# Clendening Flatheads



## ztmdodge (May 10, 2013)

Still trying to get my first flathead, and I will be going to Clendening to fish sunday night. When I was driving home from piedmont the other day we checked out the dam area at clendening. Has anyone had luck catching flatheads around the dam? I have heard fishing of the 799 bridges is a better spot. Just wondering what people who fish there more often think.


----------



## Carver (Jan 20, 2010)

The best fishing would be up in the bays in the wood blow downs.


----------



## RH1 (Apr 13, 2013)

Find the bays with log jams and lay downs preferred close to water drops. I've taken many nice flatheads at clendening. Goldfish and warmouths are my bait of choice


----------



## NoClue2013 (Jun 15, 2013)

Big bluegills is a very good bait off falling trees back in some of the coves..near some deeper water. I've caught some monsters in that lake over the years.


----------



## Atwood (Sep 6, 2005)

The Tusc. river has a lot of flatties anywhere south of Gnadenhutten.


----------



## ztmdodge (May 10, 2013)

Well put in about 7 hours at clendening. Fished the bays off of both bridges on 799,the dam, and the dock at the boat ramp off 799. I've been out 6 times this year and finally got my first bite off the boat dock.
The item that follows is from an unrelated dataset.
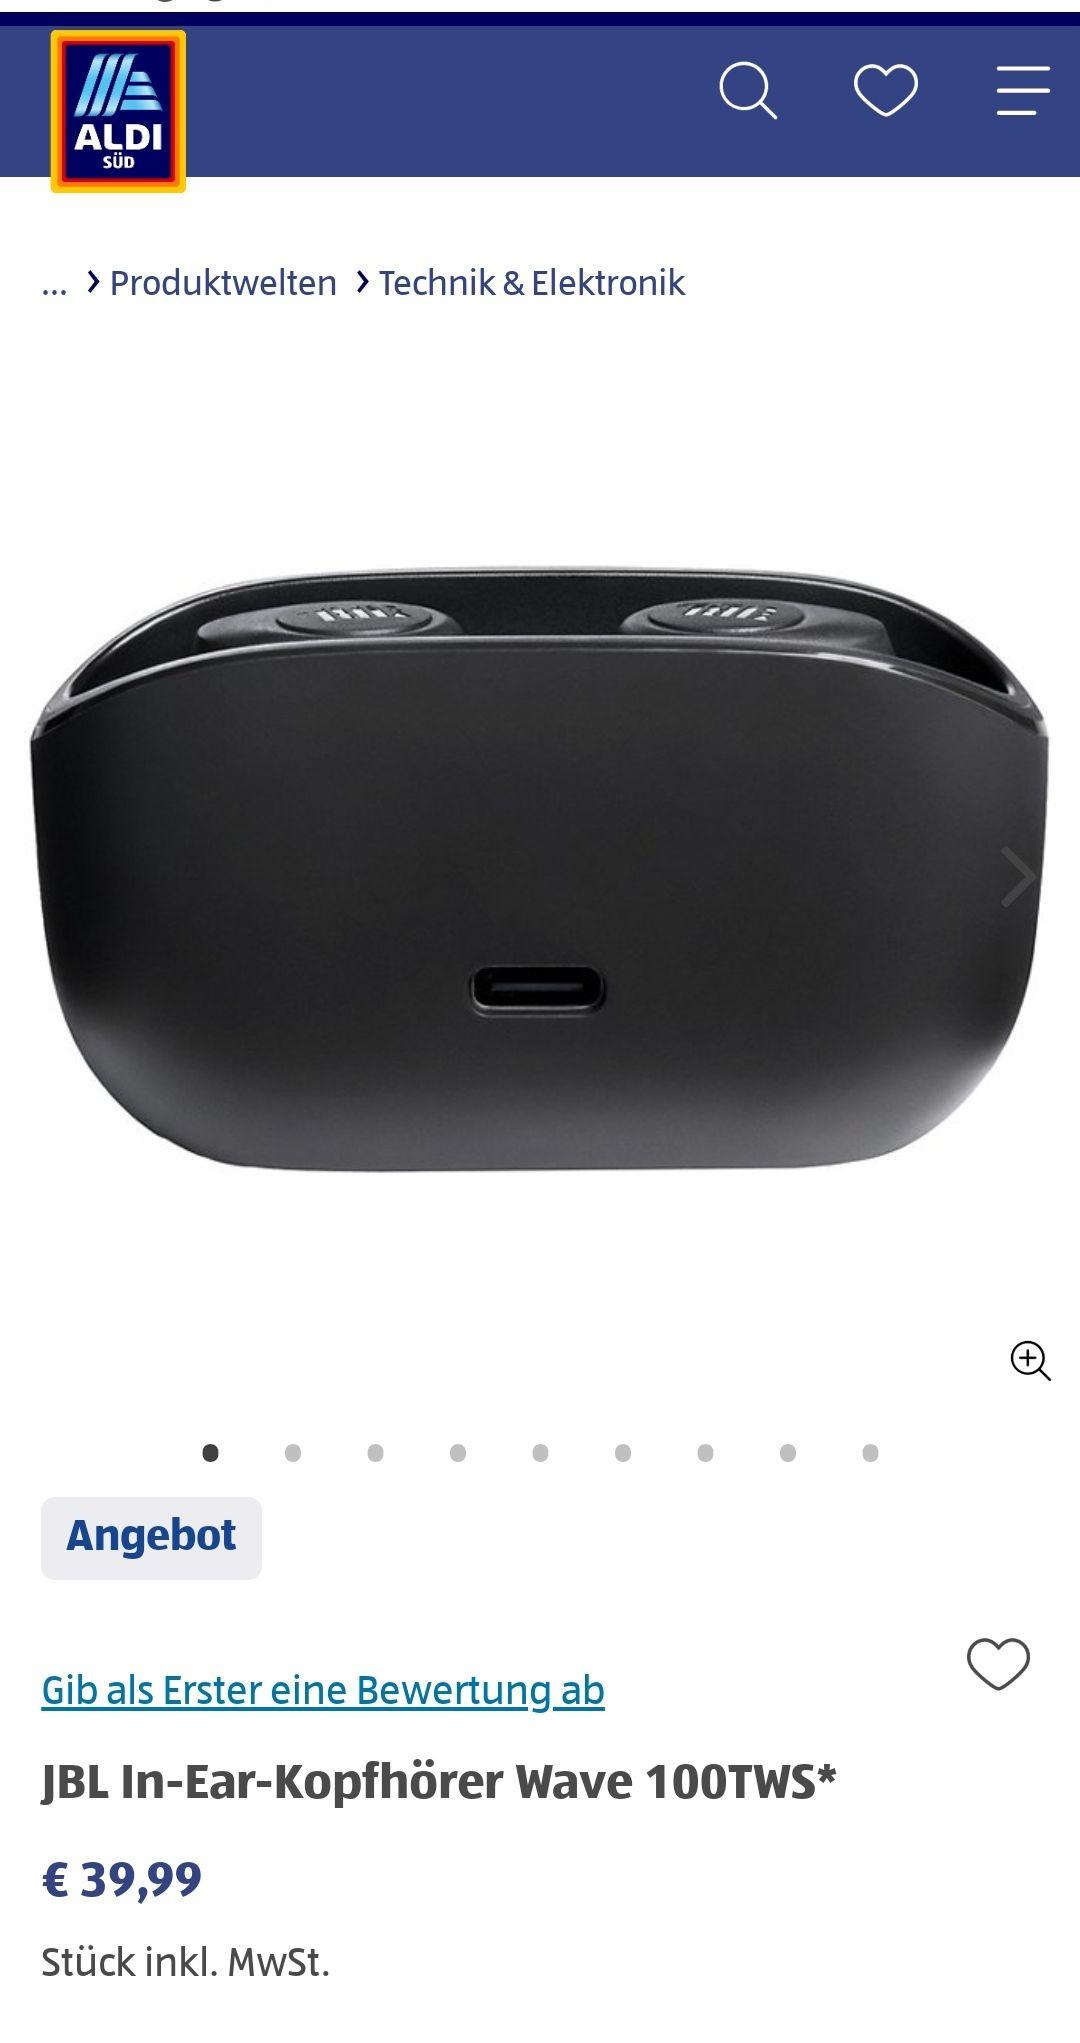 [Aldi Süd] JBL In-Ear-Kopfhörer Wave 100TWS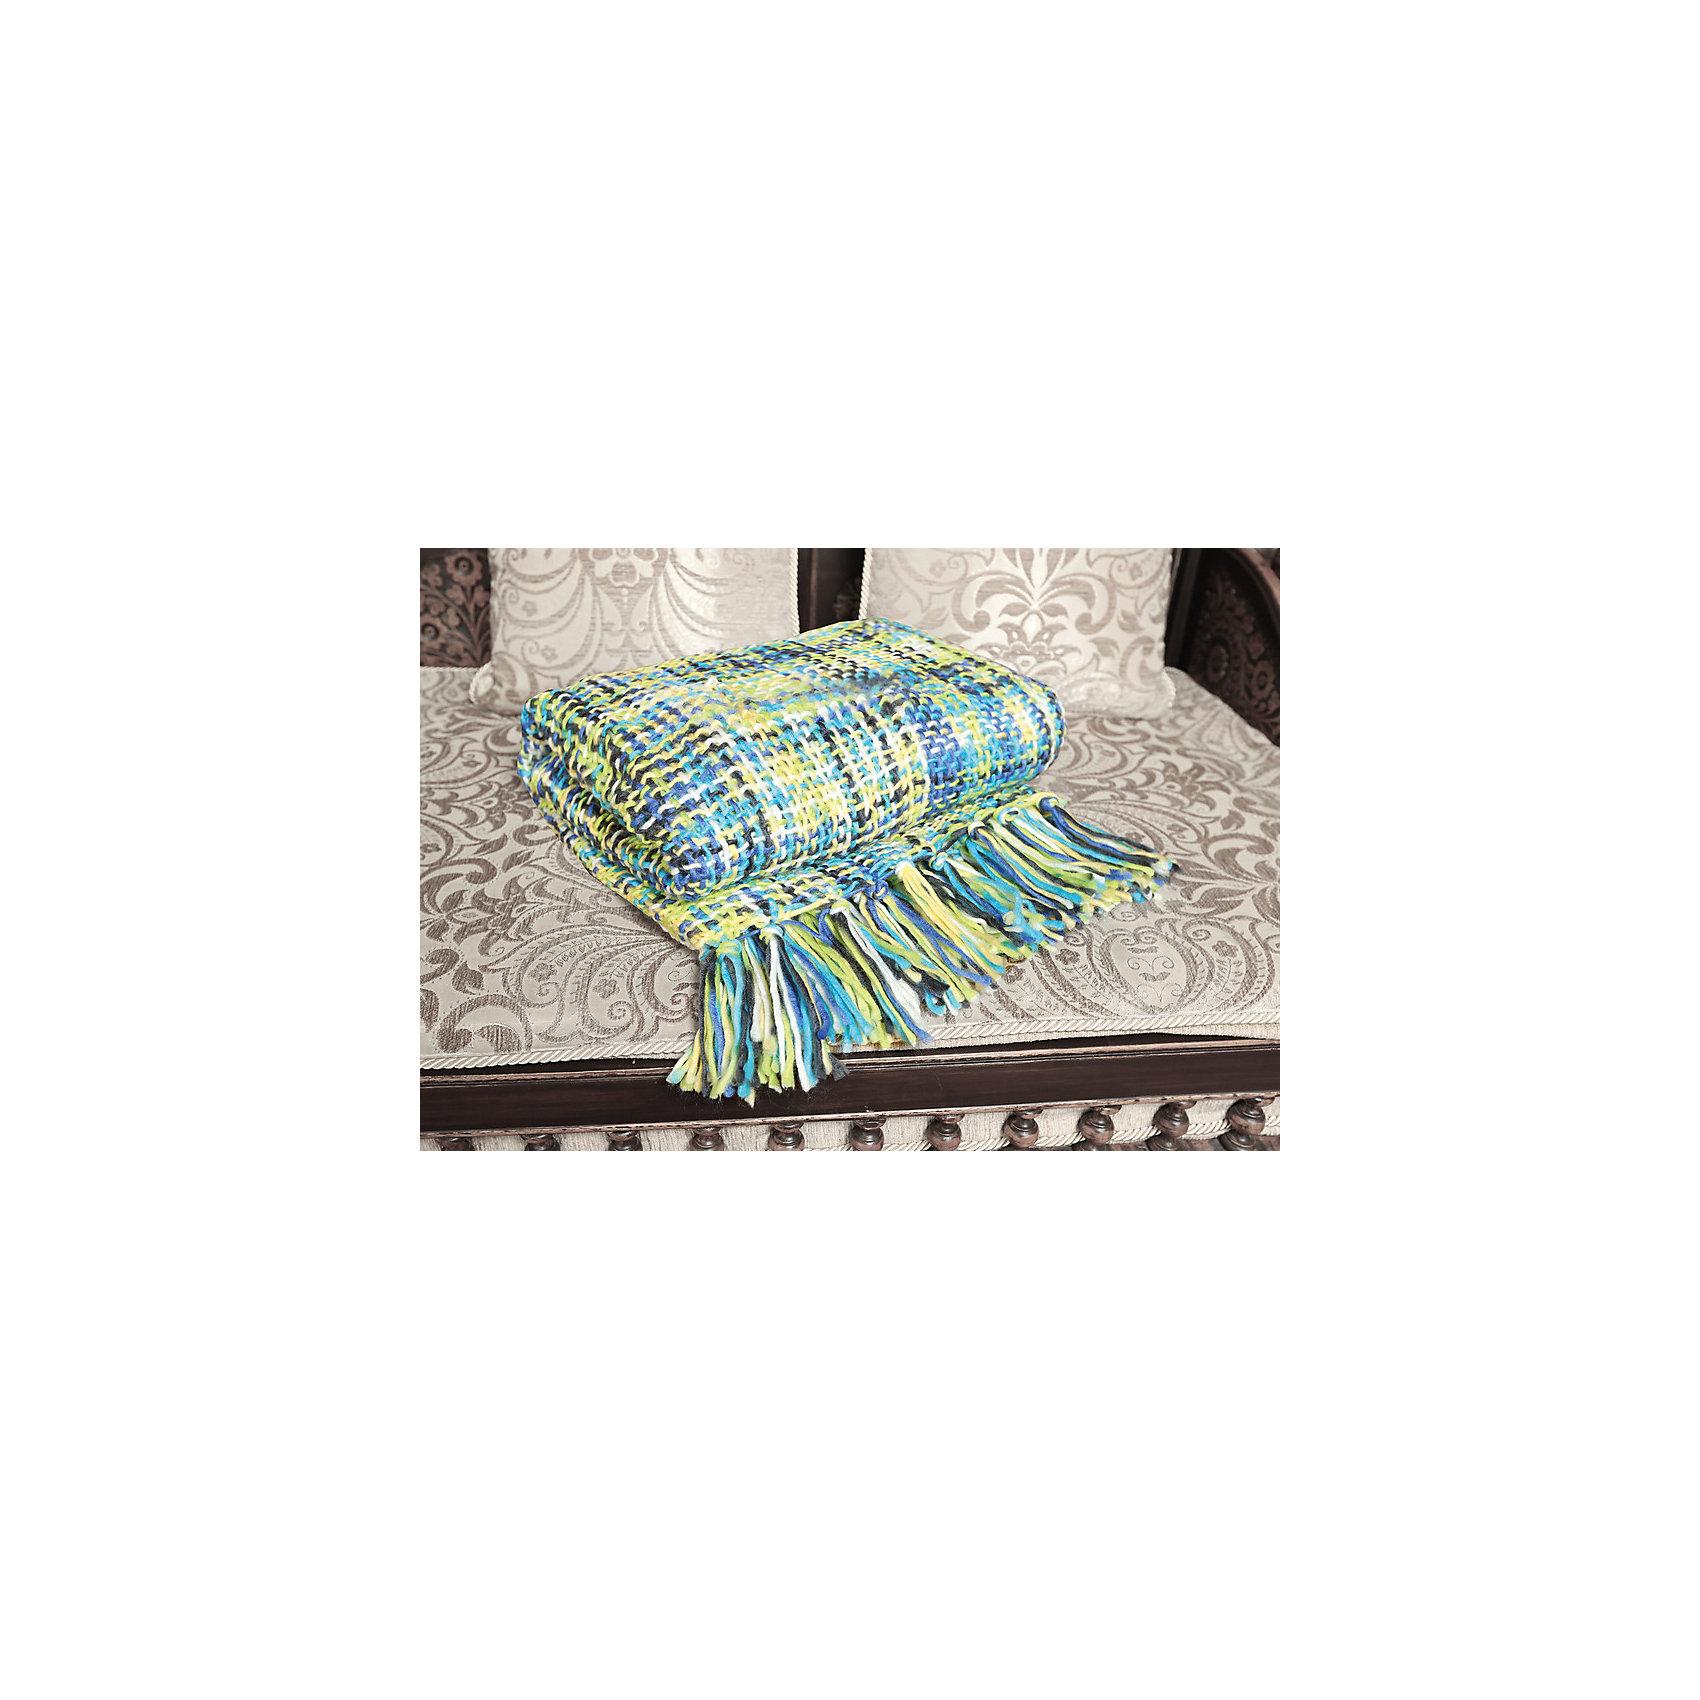 Плед Picasso, 140x180 с кистями ML Premium, Mona Liza, зеленый/бирюзовыйДомашний текстиль<br>Вязаный плед Picasso с кистями торговой марки    Mona Liza прекрасно дополнит Ваш диван, кровать или кресло. При этом изделие очень мягкое и легкое, поэтому его можно без труда брать с собой в дорогу вместо одеяла. Плед из акрила хорошо сохраняет тепло и не накапливает влагу. Изделие будет идеальным выбором для людей с чувствительной кожей, ведь мягкий и приятный на ощупь плед сшит из гипоаллергенных материалов, не скатывается и не линяет. Легко стирается и быстро сохнет.<br><br>Дополнительная информация: <br><br>- цвет: зеленый/бирюзовый<br>- состав: акрил<br>- тип плед<br>- серия: premium<br>- ширина: 140 см<br>- длина: 180 см<br>- материал: акрил<br>- размерность:  полутораспальный<br>- упаковка: пакет<br>- размер упаковки (дхшхв): 29 * 35 * 7см<br>- вес в упаковке: 860 , г<br>- страна бренда: Россия<br>- страна производитель: Россия<br><br>Плед Picasso торговой марки  Мона Лиза можно купить в нашем интернет-магазине.<br><br>Ширина мм: 290<br>Глубина мм: 80<br>Высота мм: 350<br>Вес г: 1000<br>Возраст от месяцев: 84<br>Возраст до месяцев: 1188<br>Пол: Унисекс<br>Возраст: Детский<br>SKU: 4902119

My buddy was fishing with nightcrawlers and caught a bunch of small channel cats i kept as bait along with some warmouths he caught and some goldfish I brought with me. At the end of the night I finally had a run on the warmouth but it dropped the bait before I was able to get a chance to set the hook. So still havent caught my first flathead yet, but it was nice to at least get a bite tonight. And Atwood, I might try the Tusc. river, I've heard people do well there but I havent heard of as many 40lb+ fish coming out of there like I have Clendening, Tappan, and Piedmont. But right now I'd be happy just to break the ice and get my first flattie, maybe I'll do better on the river with less water to cover.


----------



## hillbillybelownewphilly (Nov 16, 2006)

[ame]http://s1333.photobucket.com/user/hillbillybelownewphilly/media/image_zpsbba33525.jpg.html]http://i1333.photobucket.com/albums/w622/hillbillybelownewphilly/image_zpsbba33525.jpg[/IMG[/ame]
Caught this one on the tusc last night. They're there just gotta find em


----------



## Flathead King 06 (Feb 26, 2006)

hillbillybelownewphilly said:


> Caught this one on the tusc last night. They're there just gotta find em


Fixing picture

Fish in the photo is a channel, just brownish colored like a flathead.


----------